To cross that Rubicon is to make a final, fatal, irrevocable move from which there is no turning back. Caesar crossed the Rubicon River between Italy and Gaul to start the war against Pompey and the Roman Senate in 49 BC. Dylan has always operated with an uncanny understanding that history will fold in on itself, and the song is another page in his traditionalist handbook where all elements feed into each other.
It’s likely that “I’ve made up my mind to give myself to you” will be this album’s “Make You Feel my Love”. It’s tender, filled with longing, and could be a miracle ballad in the more sensitive interpreters, and those are too many to mention over the years. Here, the love is simple: “I’ve seen the sunrise, I’ve seen the dawn / I’ll lay down beside you when everyone’s gone.” It’s a song illustrated by shooting stars, snow white doves, and speaks of all the tender possibilities of desire finally fulfilled.
In “Mother of Muses” a love song to inspiration and creative blood brothers, Dylan draws connections between characters as disparate as George Patton, Elvis Presley, and Martin Luther King. It’s hard not to believe him when he tells us: “Man, I could tell their stories all day.”
It could be argued that the strangeness of “My Own Version of You” is too clever for its own good. Here, Dylan assumes the persona of a grave robber, collecting pieces of corpses to create his ideal mate. The storyteller wants “…the Scarface Pacino and the Godfather Brando” to create a partner, a confidante.

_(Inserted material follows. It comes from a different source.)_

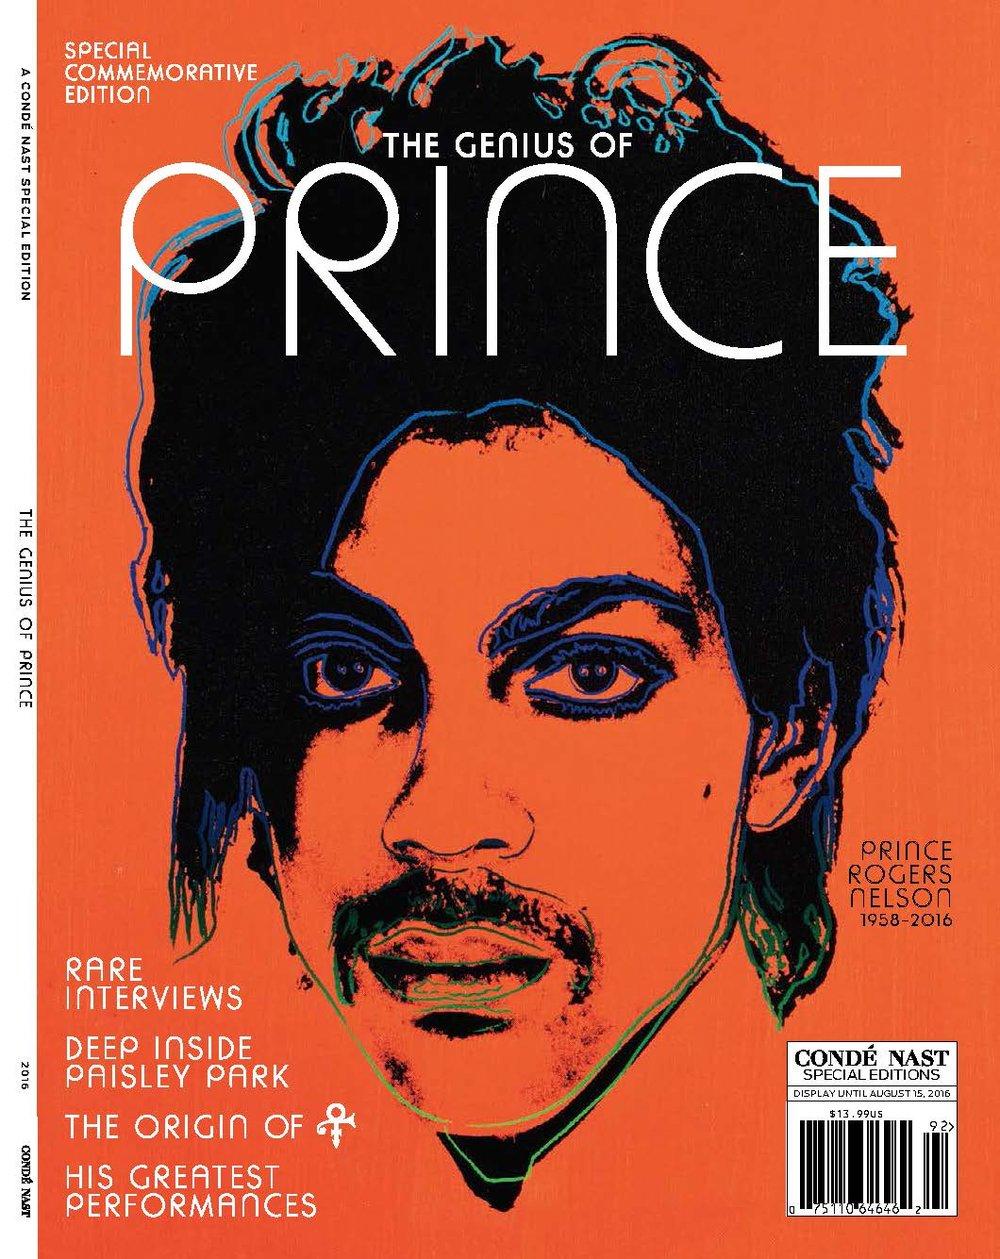 the_genius_of_prince.jpg

In the end, when he tells us “I wanna bring someone to life, turn back the years / Do it with laughter and do it with tears” we can sense a strange sense of grace in this ode to conception without connection. The story is really, of course, an extended metaphor, a conversation between “Bob Dylan” the singer/songwriter and Robert Zimmerman, the boy he was for the first 20 years of his life. In “My Own Version of You”, Bob Dylan is reinventing himself yet again.